P.PSH.0874 - Improving bovine respiratory disease control through the characterisation of pathogen-host interactions

Summary

The research described in this report was conducted to improve the management and prevention of bovine respiratory disease (BRD) in Australian feedlot cattle. The research is targeted to the Australian feedlot sector where BRD is the most important cause of cattle morbidity and mortality. BRD costs the sector between $60–100M annually in lost productivity and as a result, research is required to improve the prevention and management of this disease.

Objectives

The objectives of this project were to provide tools for the improved management of BRD in feedlot cattle, delivered via a multifaceted approach based on an understanding of host-pathogen interactions, including:

• development of new diagnostic assays for pathogens in the bovine respiratory disease complex
• characterisation of the DNA and RNA viromes present in the tissues of cattle that have died of BRD to inform the development of novel vaccines to protect animals from BRD
• identification of putative biomarkers for clinically healthy animals with respect to BRD, to contribute to improving the diagnosis of the disease
• identification of potential biomarkers in the blood of cattle infected with bovine herpesvirus 1 and bovine viral diarrhoea virus 1, two viruses frequently associated with BRD in Australia. These biomarkers will improve the diagnosis of BRD cases and underpin treatment decisions.

Key findings

This study has identified two potential biomarkers of infection for two of the viruses which are strongly associated with BRD development in Australian feedlot cattle.

The DNA/RNA virome present in tissues collected from cases of BRD in Australian feedlot cattle was characterised. Consistent with published studies, there is a wider variety of viruses present in these tissues than the four or five viruses historically associated with BRD.

The genome wide analyses determine an estimate for the heritability of BRD resistance of 0.20 ± 0.04, this supports further investigations to improve this estimate.

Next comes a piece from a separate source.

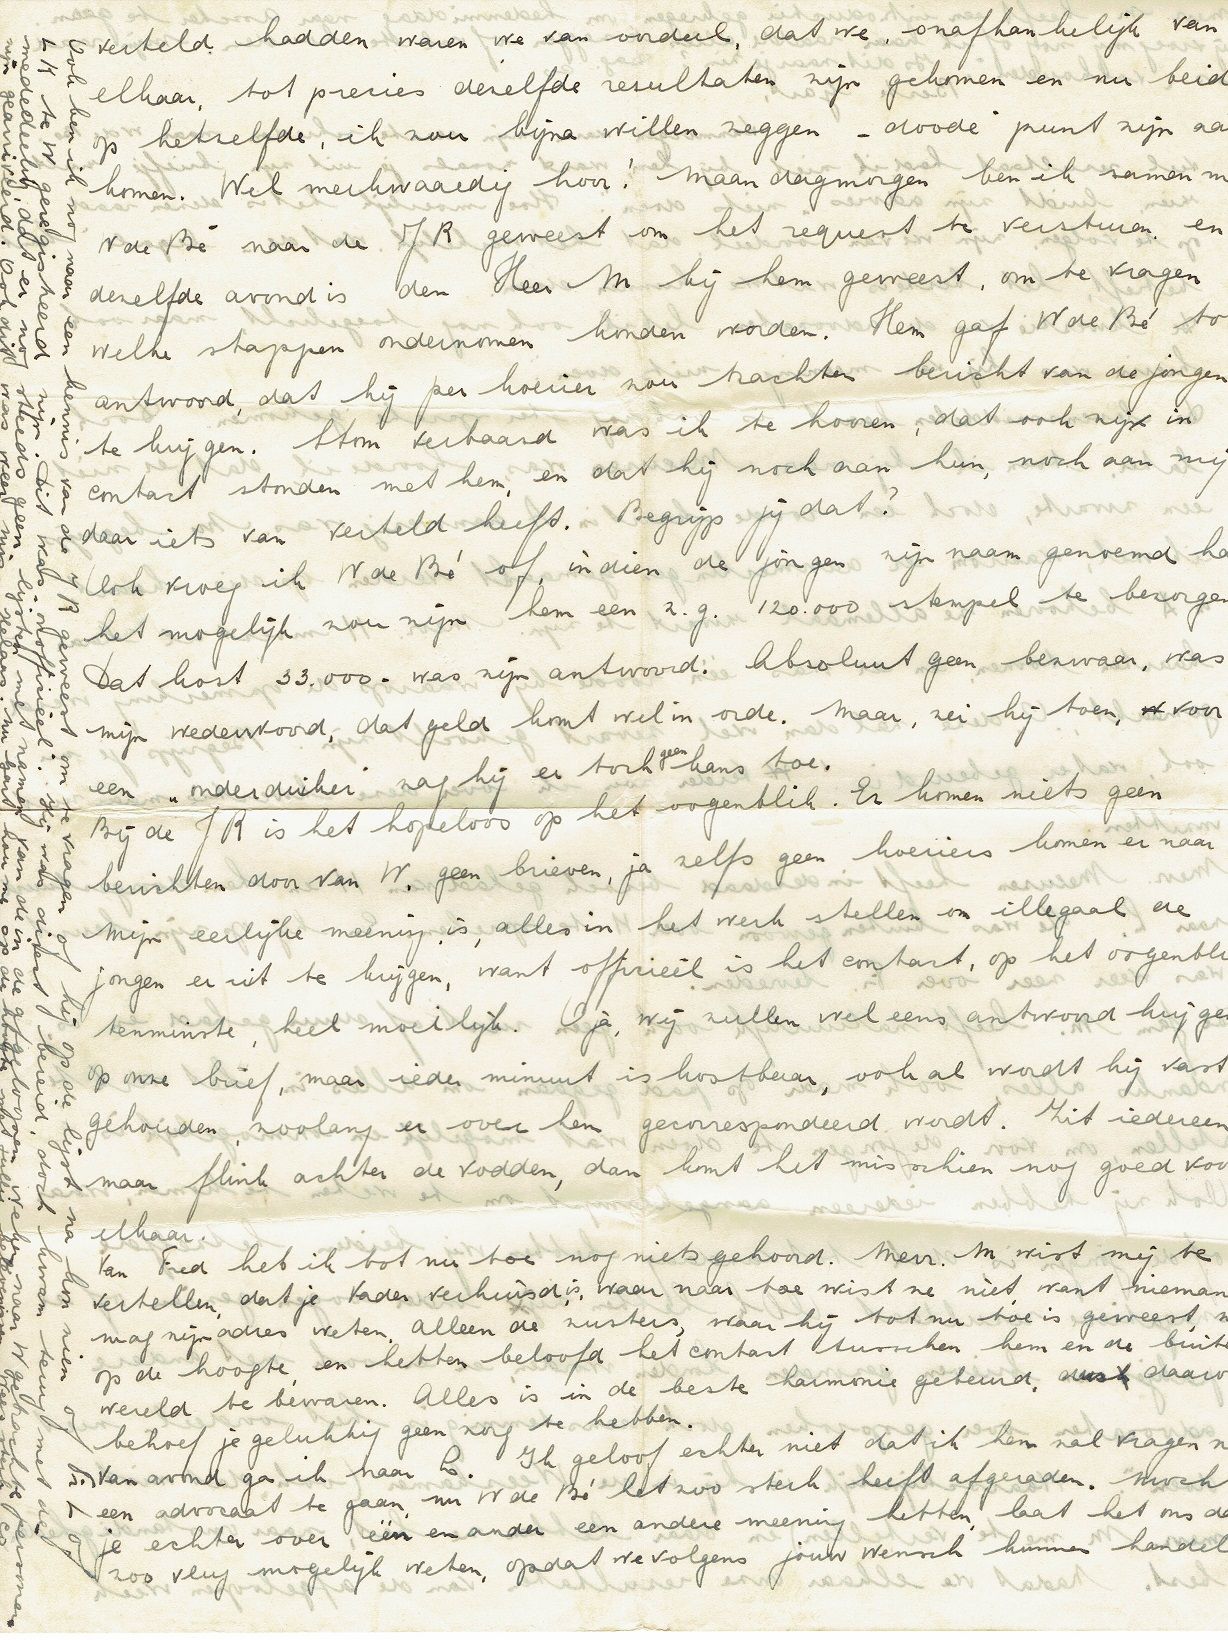 A letter from Co de Wilde to Gart - [Julia Polak to Jules Kan]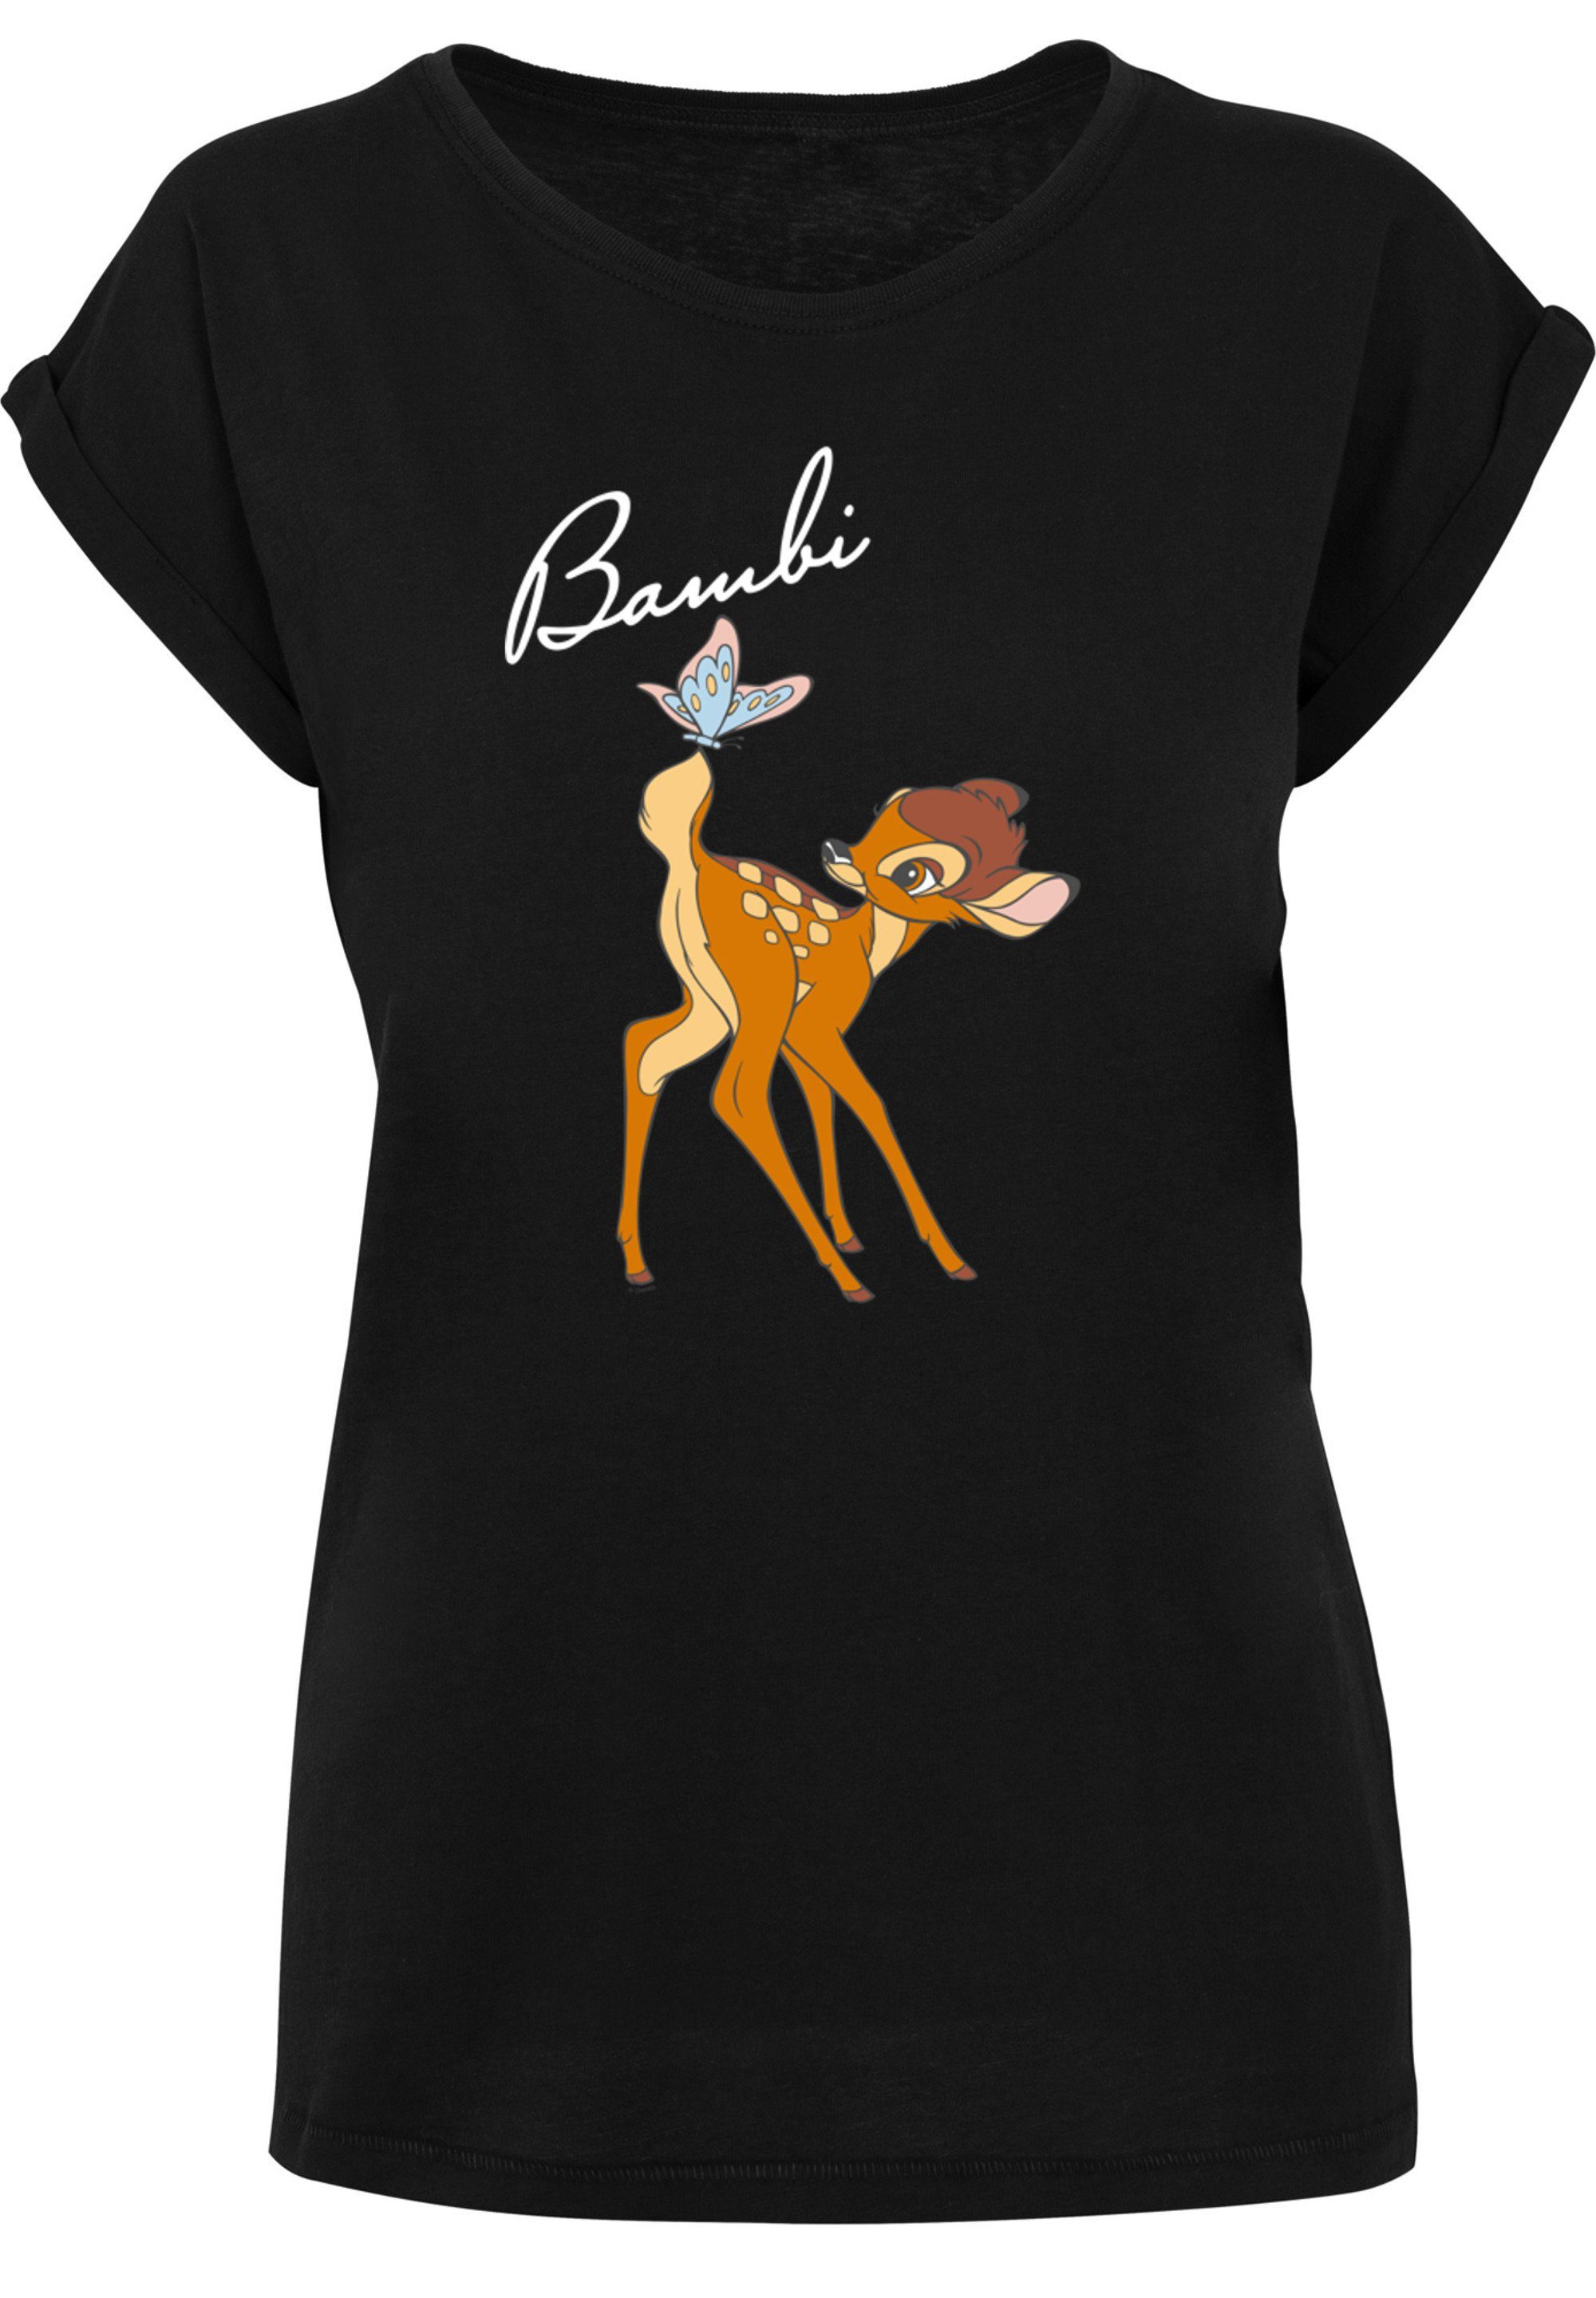 Tail T-Shirt Schmetterling Disney Print Bambi F4NT4STIC

Within the sampled populations, unexpected high viral loads of bovine herpesvirus 1 were detected in vaccinated cattle. Oxford Nanopore Technologies (ONT) sequencing proved to be highly amenable to detecting a wide range of bacteria in nasal swabs collected from cattle being treated for BRD. The application of strategies to remove bovine DNA from samples prior to analyses is essential.

Oxford Nanopore Technologies (ONT) sequencing enabled the detection of antimicrobial resistance genes in nasal swabs of cattle being treated for BRD.

Benefits to industry

The results of this project have the potential to improve the identification and management of cattle affected by BRD, the most important cause of morbidity and mortality in Australian feedlot cattle. Putative biomarkers for BRD were identified and with further development these could be used to identify BRD affected cattle. The capacity to objectively identify cattle with BRD will underpin decisions to treat affected animals and enhance antimicrobial stewardship.

A robust estimated breeding value has been determined for BRD resistance. The inclusion of this estimate in breeding plans would enable the selection of cattle that are less likely to be affected by BRD during their time on feedlots.

New approaches have been developed to enable the detection of bacteria and AMR genes in cattle being treated for BRD. The molecular assays developed to detected AMR genes have the capacity to improve antimicrobial stewardship by enabling the detection and monitoring of antimicrobial resistance in feedlot cattle.

MLA action

MLA will continue research and development focused on prevention of bovine respiratory disease in feedlots.

Future research

Further research is recommended to better understand the detection of bovine herpesvirus 1 in cattle being treated for BRD. Not only was the rate of detection higher than might be expected, the time of treatment for some of these animals was well outside the window of high BRD risk. Similarly, the viral loads of some animals were extraordinarily high and clearly warrant further investigation.

Further research is also required to increase the number of animals included in the BRD genetic resistance estimates. Identifying sources of already genotyped cattle that move through the feedlot system would be a cost-effective way to achieve this.

The results of this study also support the further development of the ONT sequencing to support the feedlot sector in antimicrobial resistance monitoring. The experimental approaches utilised in this project suggest this is a highly feasible approach. However, it is likely that additional improvements in the technology, specifically the underpinning bioinformatics required before it can be deployed throughout the sector without expert assistance.